_Exercise:_
In your copy, leave out the pictures and output only the lines from the one holding "Drawing Toy balloon" through the end of the data below, exactly.

_Dataset extract:_
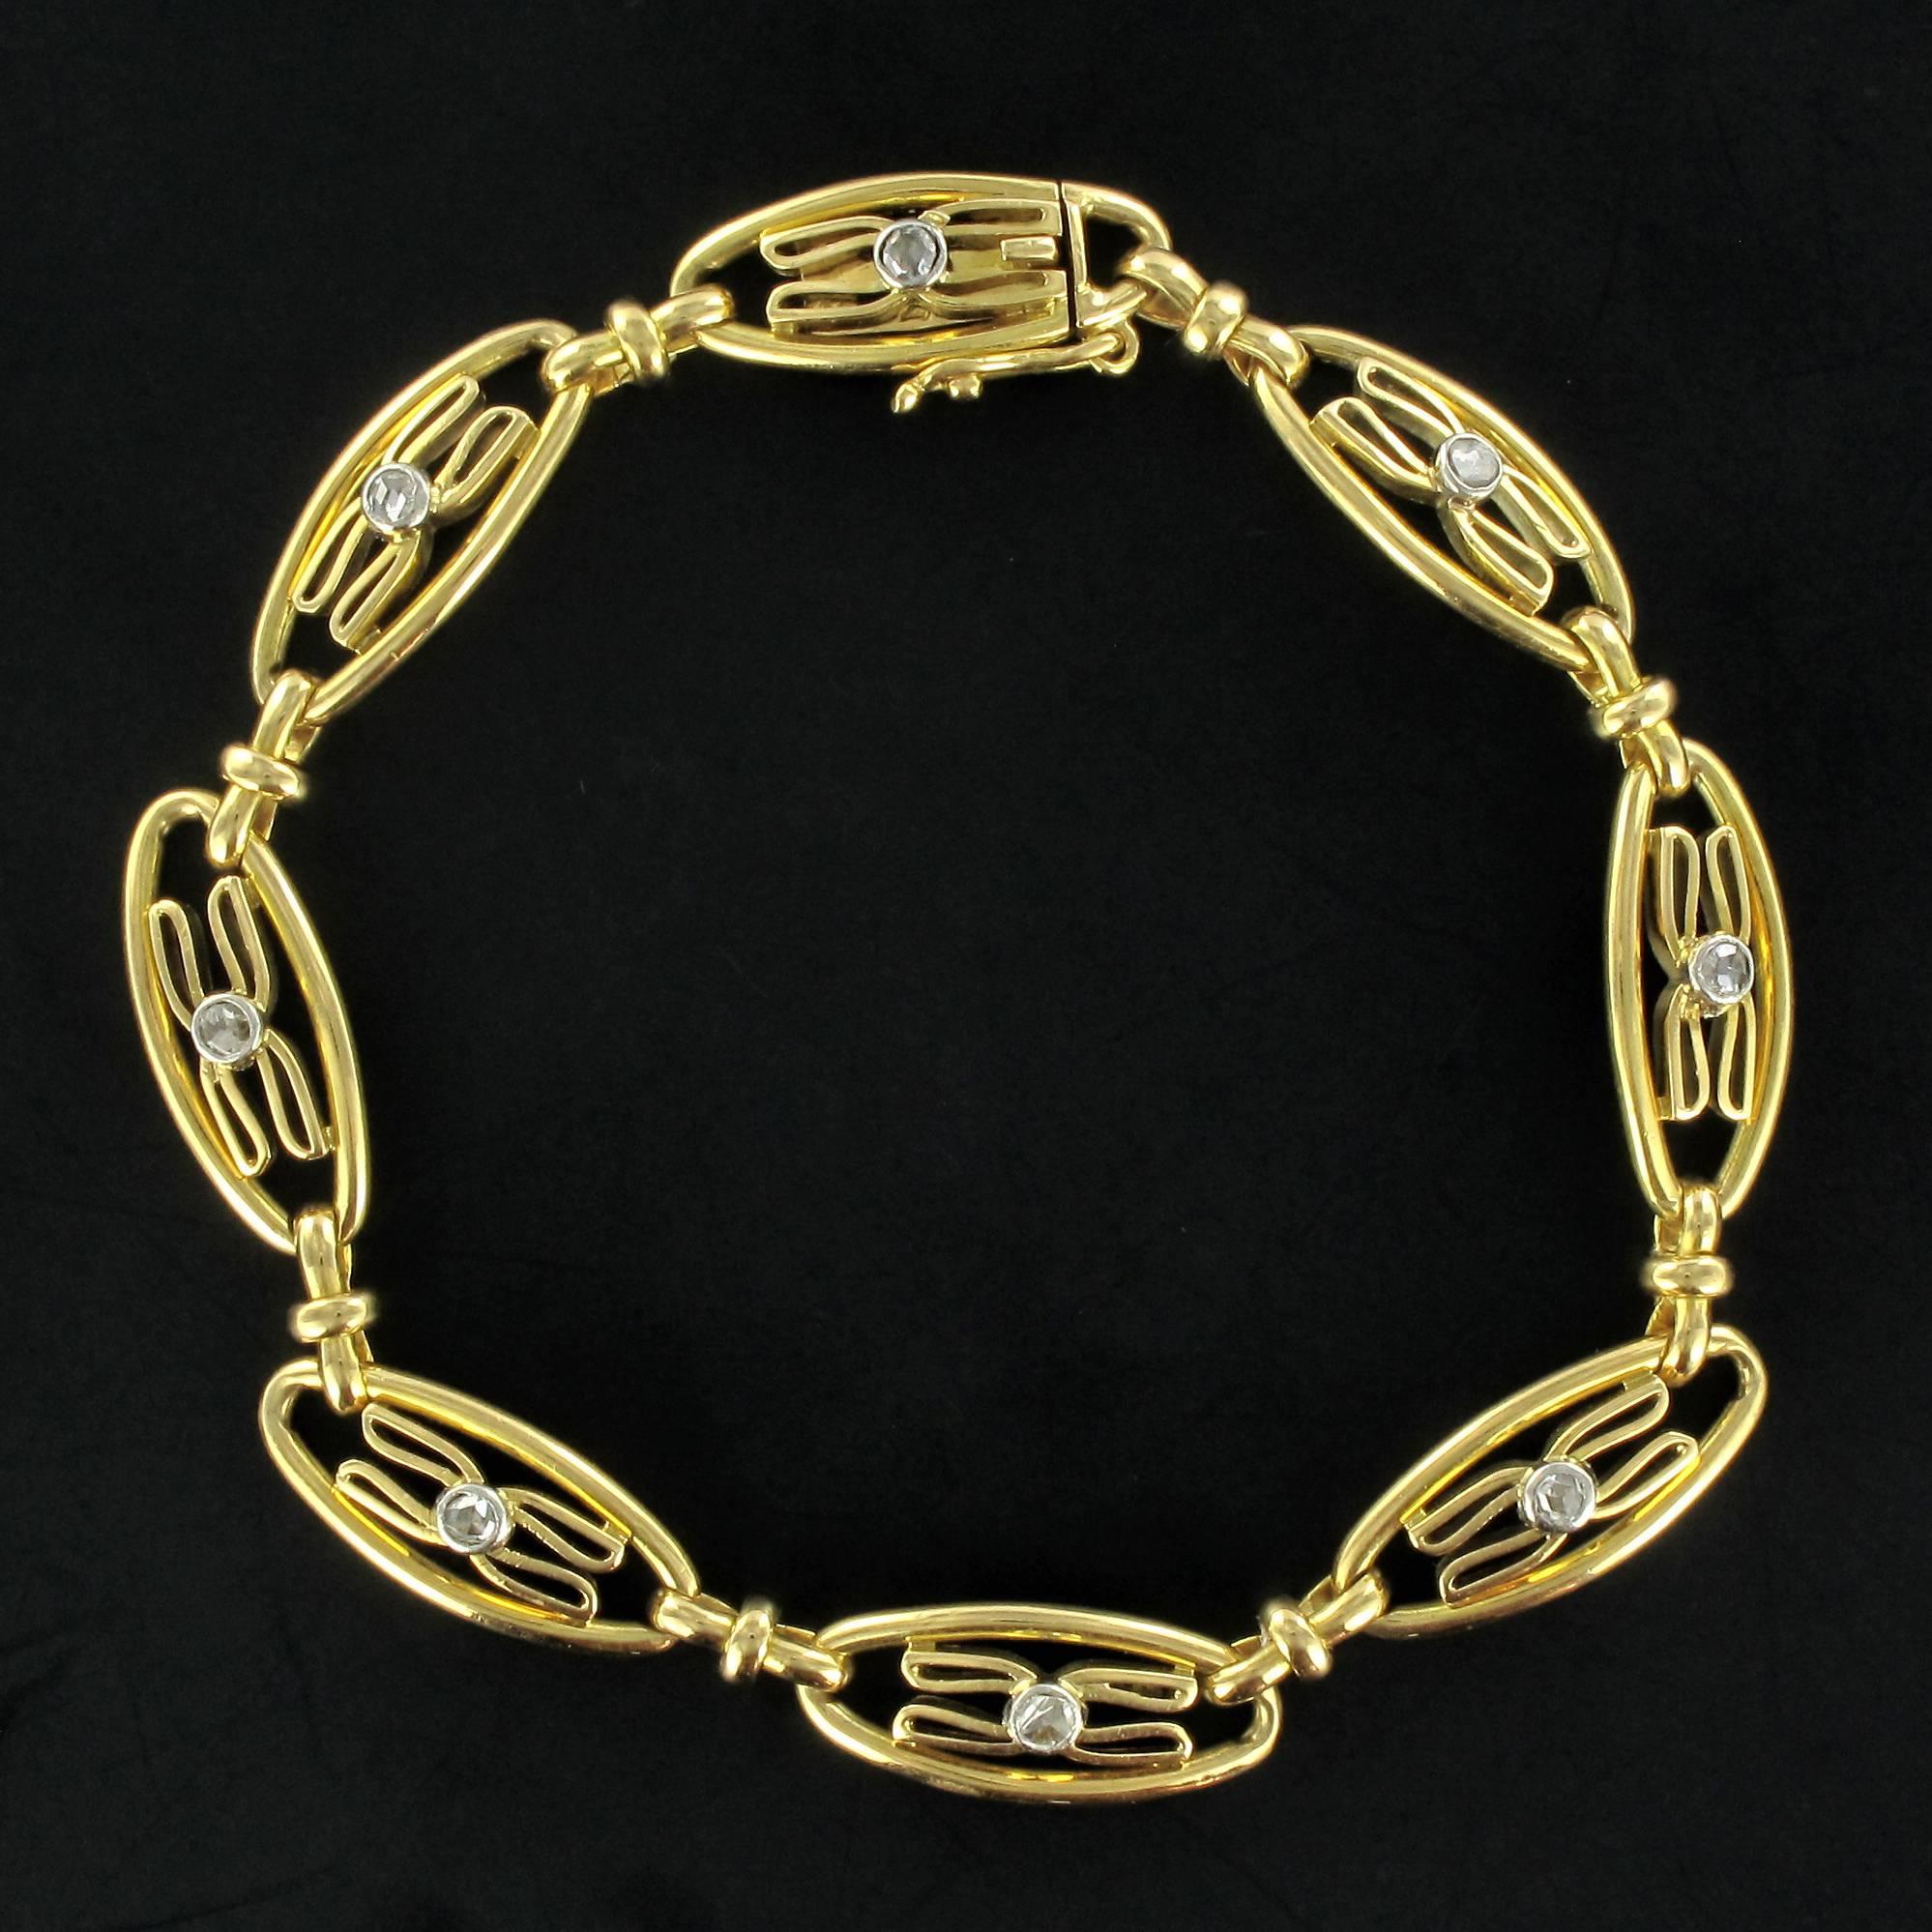 Bracelet in 18 carat yellow gold, eagle head and rhinoceros hallmarks. 

This bracelet is composed of 8 openwork shuttle shaped links each decorated with a bow featuring a central rose cut diamond. They are linked by small gold ties. The ratchet
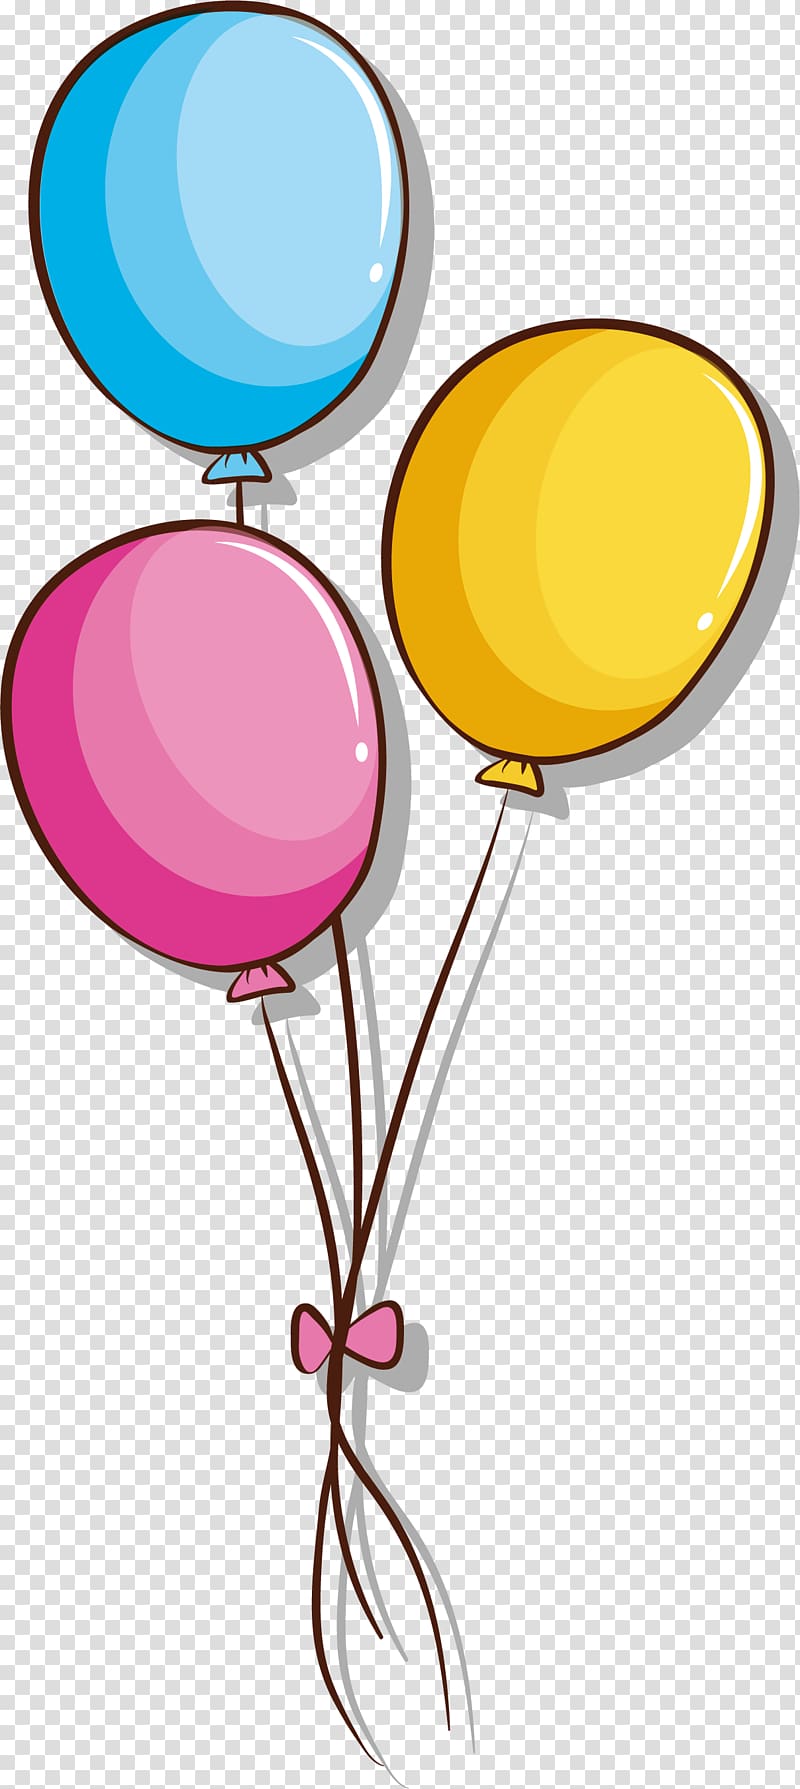 Drawing Toy balloon Illustration, A bunch of colored balloons transparent background PNG clipart
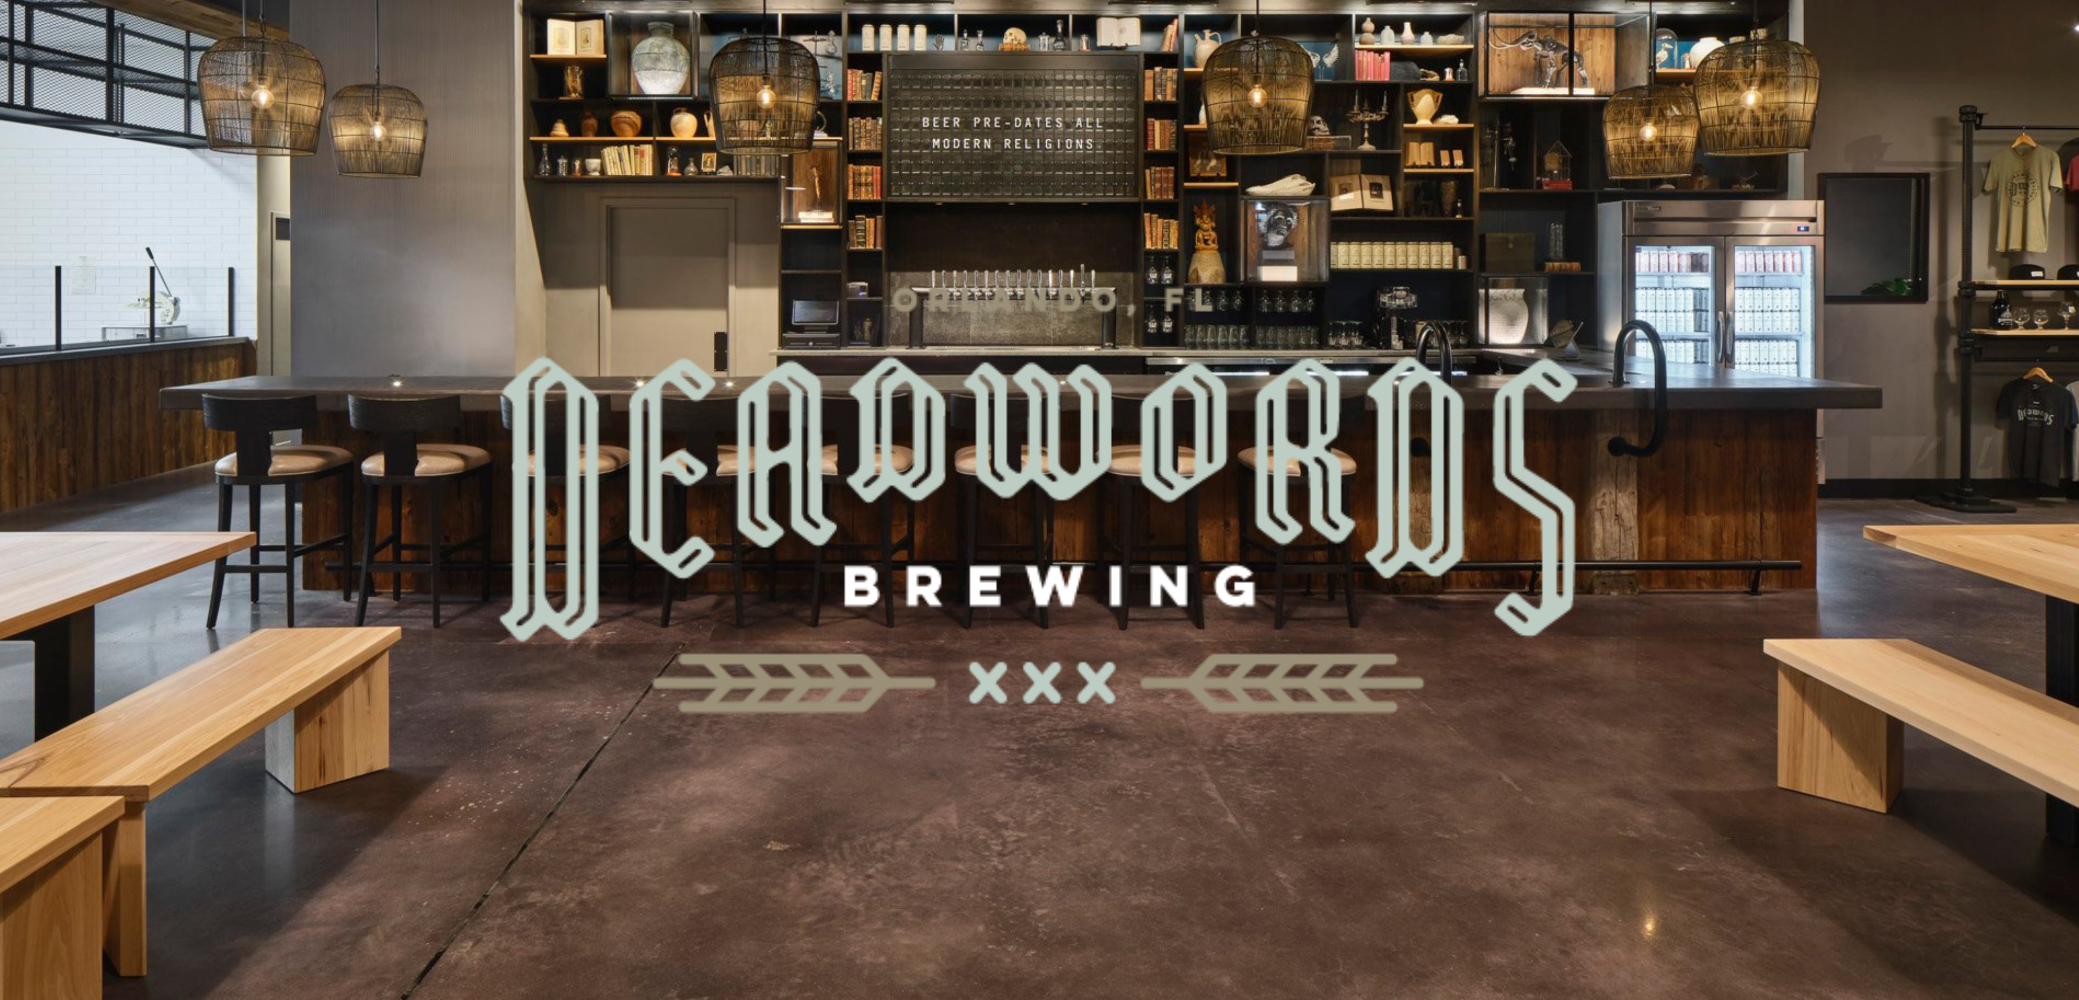 Deadwords Brewing Co: Available Turnkey Prior to Auction: PKW 15 BBL Microbrewery w/ PKW 2 BBL Pilot System, Fermenters, Brites, Chiller, Boiler

_Result below:_
 Drawing Toy balloon Illustration, A bunch of colored balloons transparent background PNG clipart
 Deadwords Brewing Co: Available Turnkey Prior to Auction: PKW 15 BBL Microbrewery w/ PKW 2 BBL Pilot System, Fermenters, Brites, Chiller, Boiler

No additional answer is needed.